Medium residual risk: failure to address the issue or progress the work could impact on operational objectives and should be of concern to senior management. Prompt specific action should be taken.

Low residual risk: matters that individually have no major impact on achieving the service's objectives, but when combined with others could give cause for concern. Specific remedial action is desirable.

Status of agreed actions

Original audit assurance rating

˜

Moderate

See Appendix 1 for Rating Definitions

Number of actions

Implemented

Superseded

A follow-up audit has been conducted to determine the progress made by Lancashire Fire and Rescue Service to implement the agreed actions in the internal audit report; Training, Learning and Development, issued in August 2021. It provided moderate assurance over adequacy and effectiveness of the controls in place to ensure that operational personnel can demonstrate ongoing compliance with the competencies required for their role. Whilst the provision of training and internal assurance arrangements are appropriately structured to support firefighters in maintaining the competencies required for their role, some actions to improve the overall monitoring and reporting arrangements were agreed to obtain greater assurance that training is being undertaken appropriately and learning is embedded.
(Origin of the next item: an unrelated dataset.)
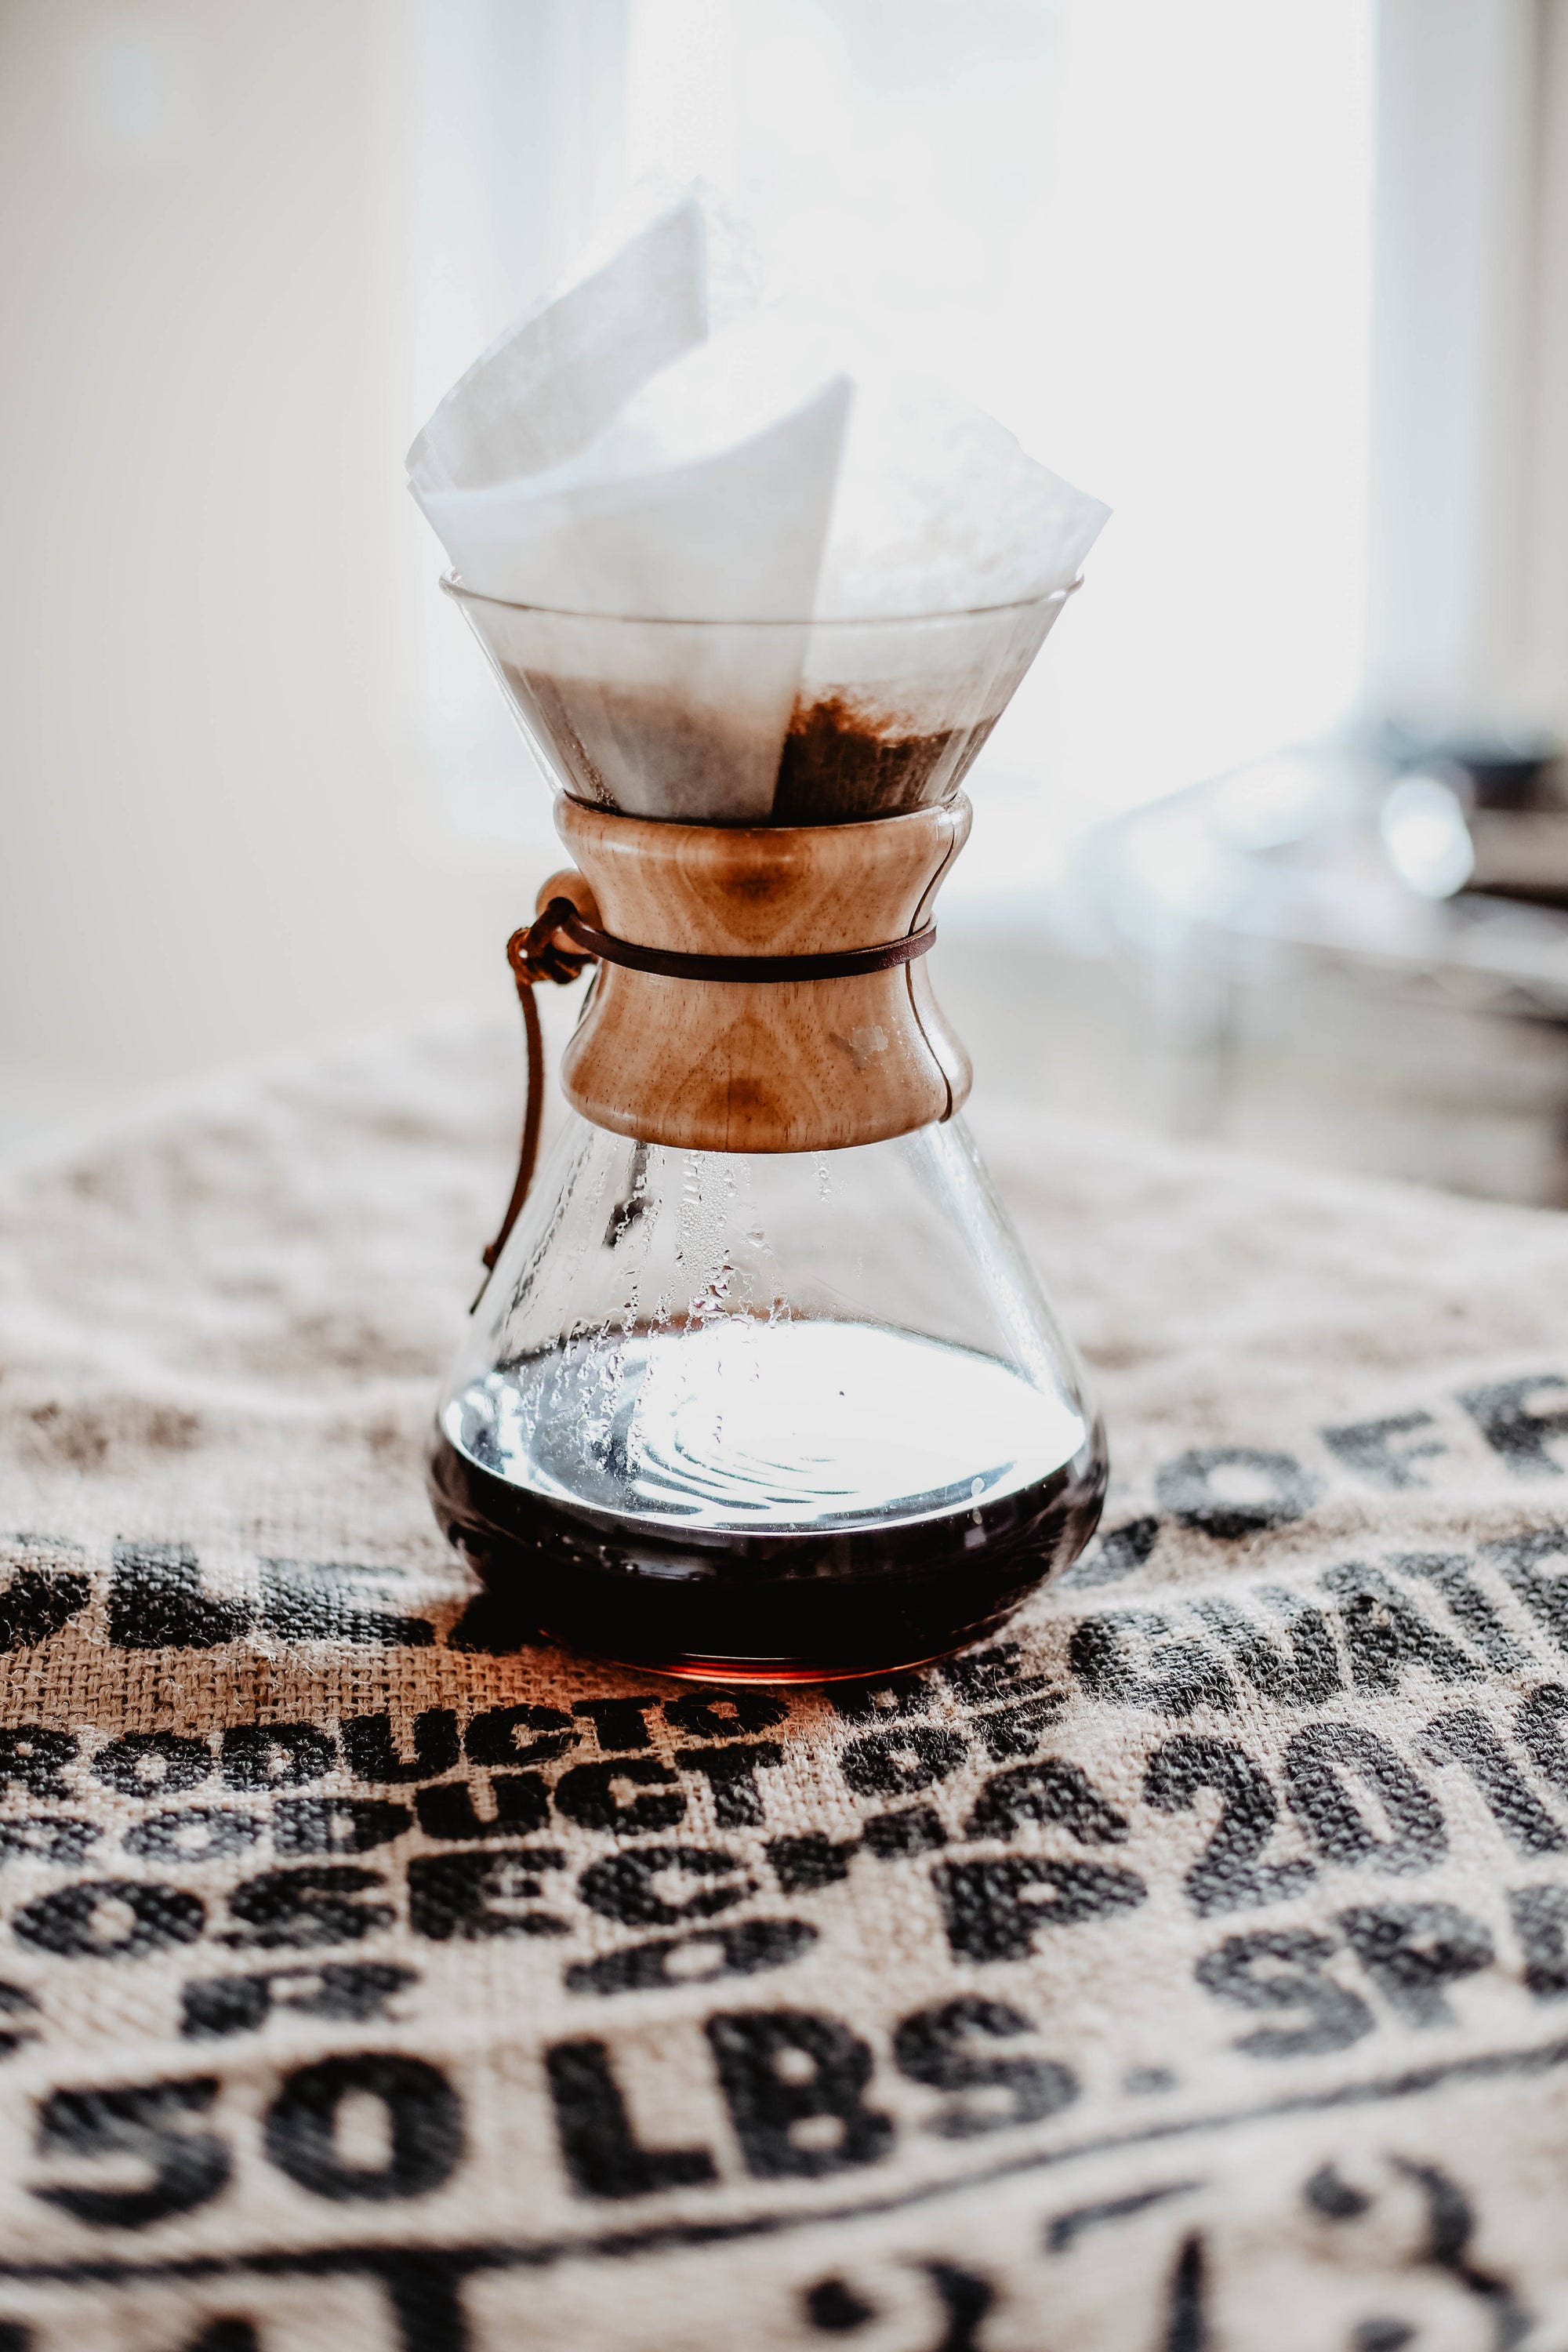 VLOG: 3-Step System to Taste Coffee

Four medium risk and three low risk actions were agreed with the Service Training Manager and Head of Improvement and Innovation. Based on the information and evidence provided to us, we are satisfied that good progress has been made in implementing the agreed actions. There is now a Training Plan in place, management are aware of and monitor the training needs to ensure completion and monitoring is also in place for actions from station visits.